Step,Training Loss,Validation Loss,Accuracy
50,No log,0.736271,0.546
100,No log,0.63177,0.638
150,No log,0.414766,0.809
200,No log,0.294711,0.889
250,No log,0.289729,0.894
300,No log,0.288955,0.901
350,No log,0.280963,0.894
400,No log,0.27041,0.907
450,No log,0.260655,0.915
500,0.440500,0.254403,0.909


  return fn(*args, **kwargs)


{'eval_loss': 0.24462735652923584,
 'eval_accuracy': 0.905,
 'eval_runtime': 24.7907,
 'eval_samples_per_second': 40.338,
 'eval_steps_per_second': 2.541,
 'epoch': 1.0}

Save the trained model

In [111]:
model_nf4_lora_with_chkpoint.save_pretrained('saved_nf4_lora')

Load back the saved model

In [126]:
from peft import PeftModel, PeftConfig

peft_config = PeftConfig.from_pretrained('saved_nf4_lora')

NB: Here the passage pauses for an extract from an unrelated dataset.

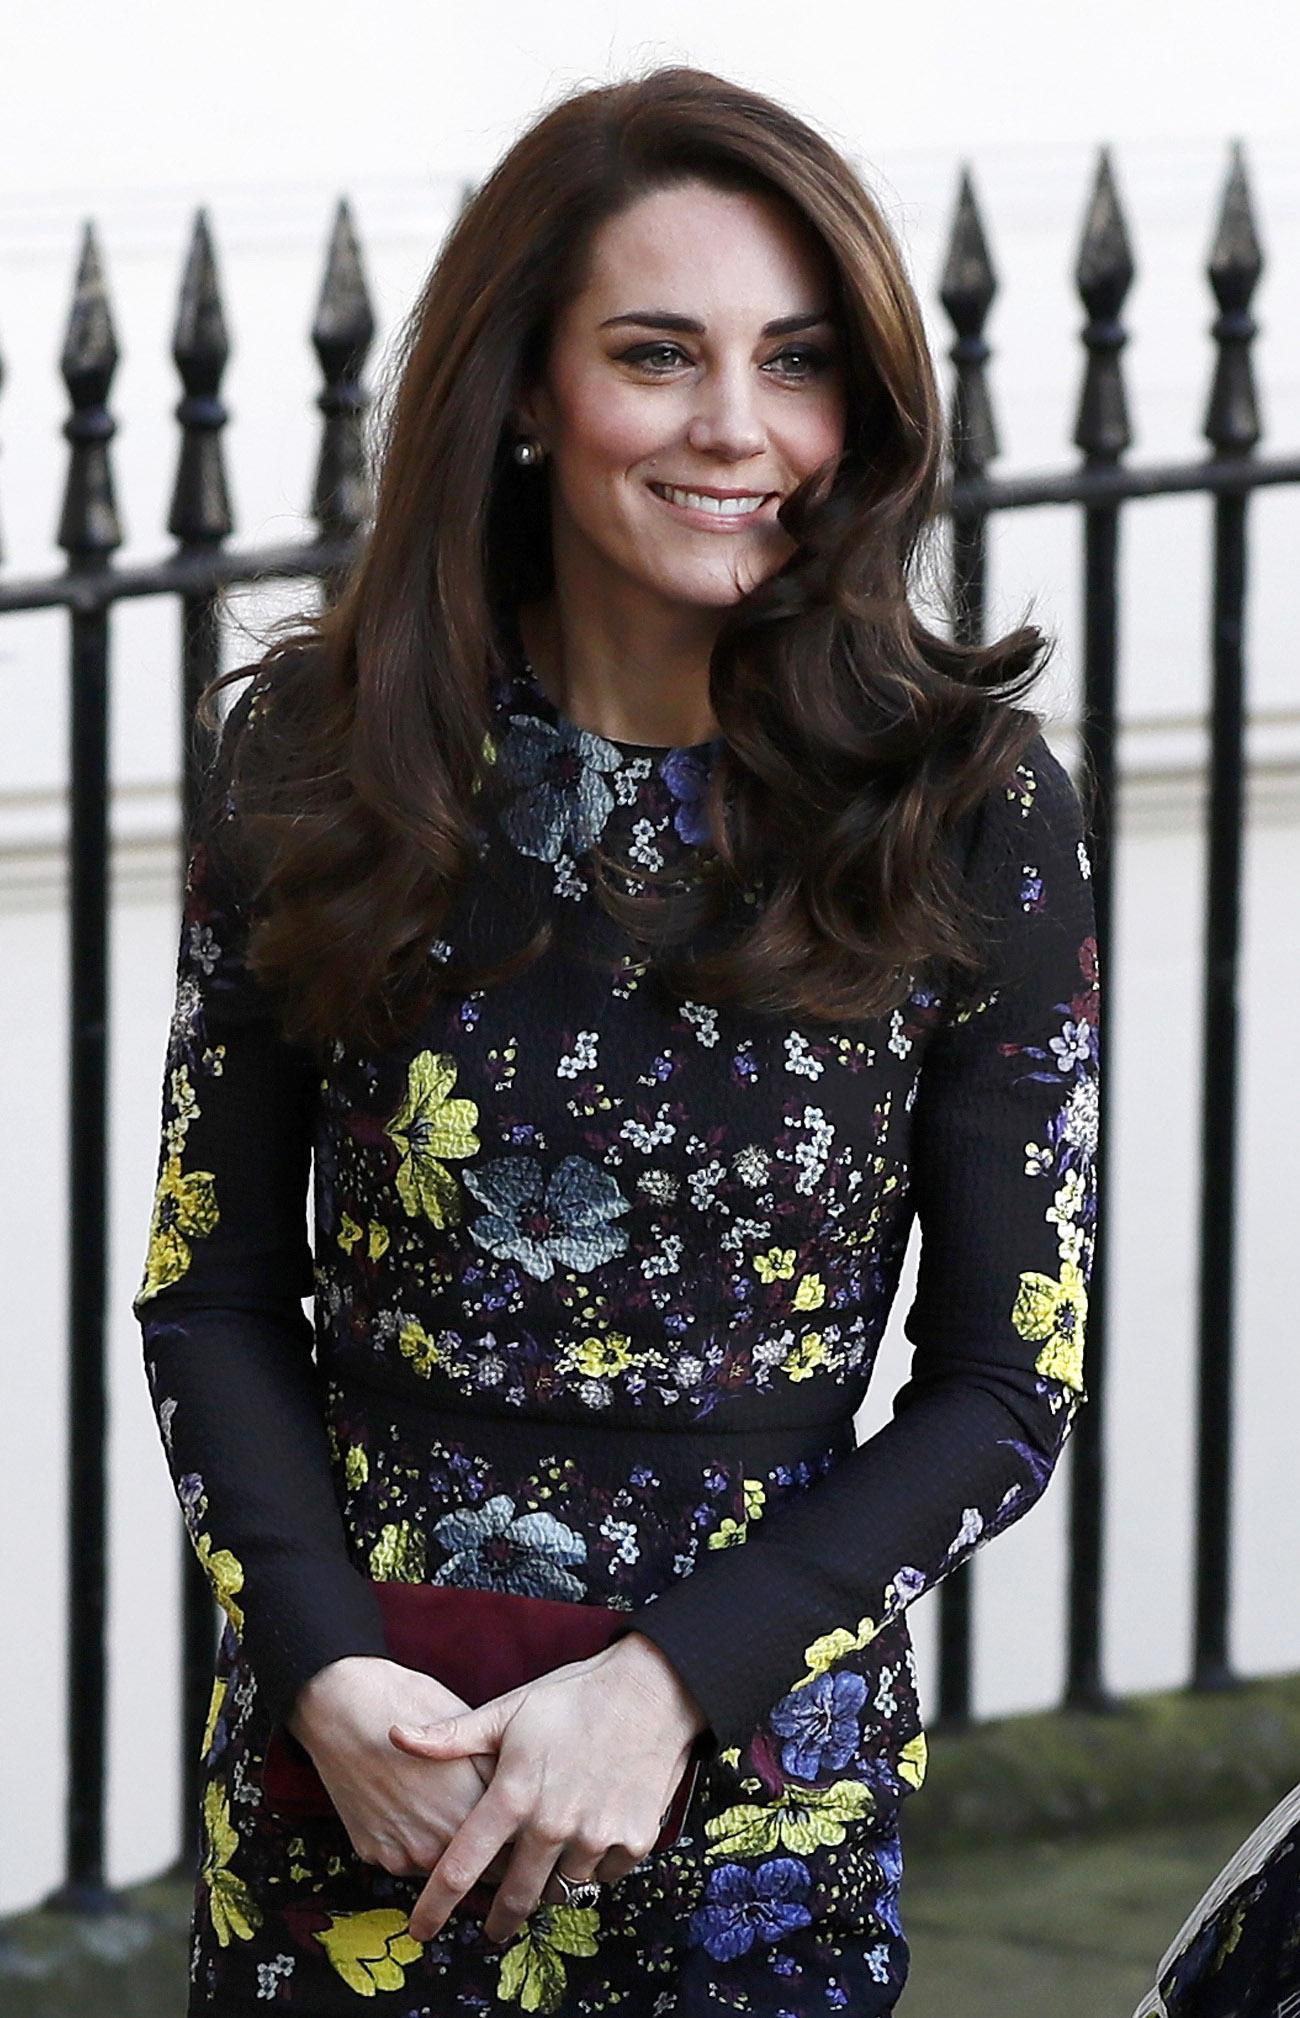 A running joke! Kate Middleton's hilarious response to Prince William's plans to run the marathon

model = AutoModelForSequenceClassification.from_pretrained(peft_config.base_model_name_or_path, load_in_4bit=True, pad_token_id=tokenizer.pad_token_id)

model = PeftModel.from_pretrained(model, 'saved_nf4_lora')

trainer = get_trainer(
    model,
    tokenized_dataset,
    tokenizer,
    n_epochs=1,
    batch_size=16,
    lr=1e-4,
    weight_decay=1e-2,
    eval_steps=50,
    max_steps=-1,
    tensorboard_name="nf4_lora_with_chkpoint",
)

trainer.evaluate(eval_dataset=tokenized_dataset["test"])

The `load_in_4bit` and `load_in_8bit` arguments are deprecated and will be removed in the future versions. Please, pass a `BitsAndBytesConfig` object in `quantization_config` argument instead.
Some weights of GPT2ForSequenceClassification were not initialized from the model checkpoint at gpt2 and are newly initialized: ['score.weight']
You should probably TRAIN this model on a down-stream task to be able to use it for predictions and inference.
  trainer = Trainer(
No label_names provided for model class `PeftModelForSequenceClassification`. Since `PeftModel` hides base models input arguments, if label_names is not given, label_names can't be set automatically within `Trainer`. Note that empty label_names list will be used instead.


{'eval_loss': 0.300048828125,
 'eval_model_preparation_time': 0.0008,
 'eval_accuracy': 0.878,
 'eval_runtime': 19.8745,
 'eval_samples_per_second': 50.316,
 'eval_steps_per_second': 3.17}

# Conclusions/Suggestions

- Both LoRA and Quantized models achieved higher accuracy than the base model on the test set, 90% and 88% respectively versus the accuracy of 83% for the base model. 
- Quantized model with checkpointing, `model_nf4_lora_with_chkpoint`, can handle bigger batch sizes or a bigger model. It is better to use an even larger model in this case and compare it to GPT2-LoRA. 
- Comparing the three presented variants is non-trivial. While all three are trained on the same number of epochs, a better and more involved approach would be to match them by compute budget (GPU hours and memory).